I always wanted my dad to be the best man for our family, and I wasn’t afraid of giving him tough love. If I didn’t like what he was doing, I’d sure let him know . Right, Tiffany? However, my dad was just the same. We could be each other’s biggest pains in the butt. Just a couple weeks ago he called me at least 20 times and left me numerous text messages just to annoy me. It worked, but of course I acted like it didn’t, because then he’d win! No sir.
My dad loved to call my phone. Of course I can’t say that I cherish those calls because all he’d say when I answer was, “where’s mom?” Sometimes I wouldn’t even answer the phone… I’d just hand it to my mom and say “It’s Dad.”

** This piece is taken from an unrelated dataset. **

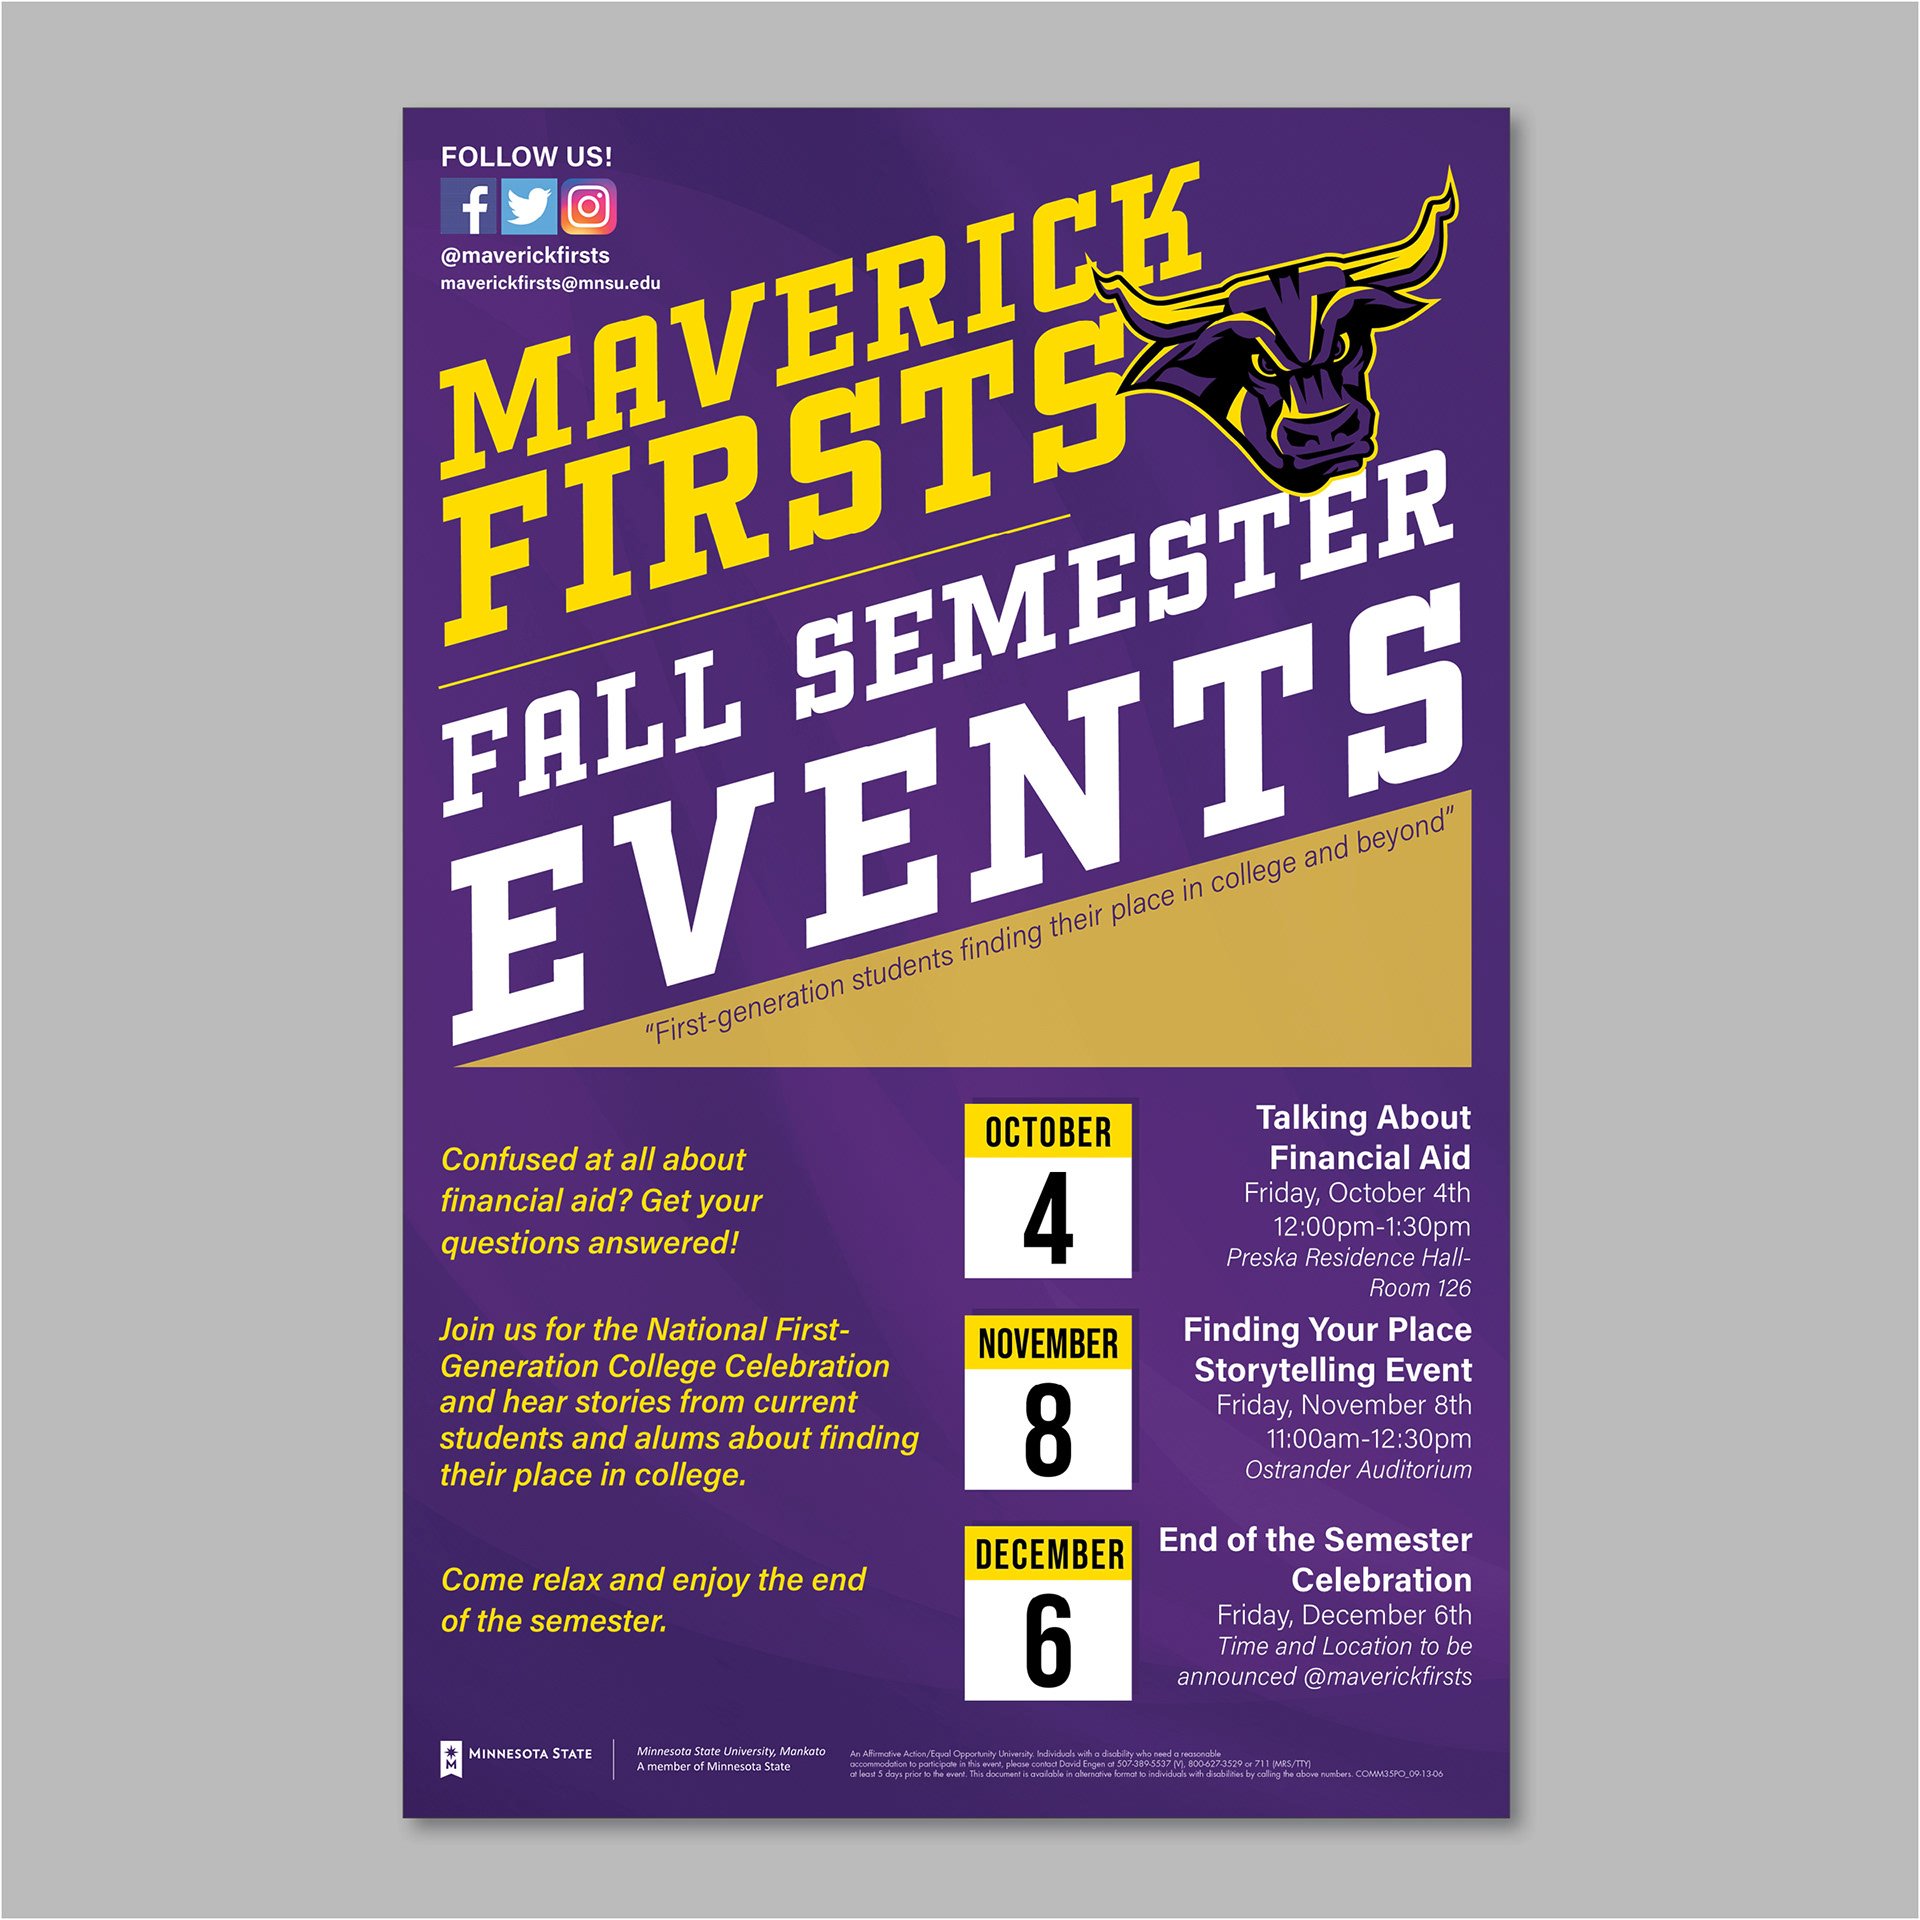 Mavericks firsts fall semester events poster

My Dad adored my mom. That’s something we really had in common. After work we’d wait on my parent’s community bed and listen for the door. Of course, I’d always be concerned what was for dinner, but not my dad… he’d eat anything. Unless you took a bite of his food… he’d say… “take it! I don’t want it anymore.” OK dad… I just got one fish stick… I don’t want a whole tray full of 40!
My mom loved my dad, so much. We couldn’t do anything without my mom having to get home quicker to be with him. One time my dad was getting so mad at me for not kissing him, but he was all sweaty and gross and it kind of turned my stomach, but there goes my mom.. . taking a big ol wet one from my Dad. Sweaty or not, my dad’s kisses were always wet.
This past year, the time spent with my dad is something that I will always cherish. The day I found out I was pregnant, my dad hugged me and said he was going to be there for me in whatever decision I made. I cried in his arms and knew that I could be a single parent and that I’d have all the help in the world. My dad was a tremendous help with Laken. He started out with 2 dogs, but once he got my son was about to say puppy… My dad was in love.
Last year’s Father’s day card I told my dad he had to get better, because Laken needs him. However, now I think that my dad needed my son. Not that the other grandchildren aren’t as important, because they are, but my son brought joy to my dad’s life when my mom was busy with her family as her dad-my paw paw was sick. It crushes me that my dad will no longer be physically in my son’s life, but I look at my family and know that in spirit he will.
My brother Matthew has always been a reflection of my dad. Just listen to the way his daughters talk about him, I get confused and think they’re talking about my dad! The day my brother, Marty, got into town he slept in my mom’s bed and prayed with her and tried to find her comfort just like my dad would do. I look at these two amazing men and just know that my dad lingers within them. Laken will get to know his granddad through my brothers, and even stories my sister and I can share.
Dad, I am really bummed you’re not here… there is so much food you’re missing out on. Yesterday after dinner I didn’t see the point of bringing home leftovers because there is no one to give them to. Daddy, our lives are going to be turned upside down, and mom and I won’t know what to do. We will get there, but it’s going to be hard. I am going to miss everything about you. Your boxer shorts that are always too lose and have way too many holes, you talking over anything I am trying to listen to, you’re constant need to pull mom into everything…. “Carol, what’d she say?,” your farts that can clear a room, your jobs that linger, your love of music and things you’re passionate about, your ability to surprise me, and overall your company. I just want one more day of the four of us, you, mom, laken, and myself on that community bed… just one more day. I love you so much, and that will never change. I will continue to let Laken know who you are and how much you loved him. We will all try to comfort mom and each other. I love you so much, Power Ranger…. BOOM!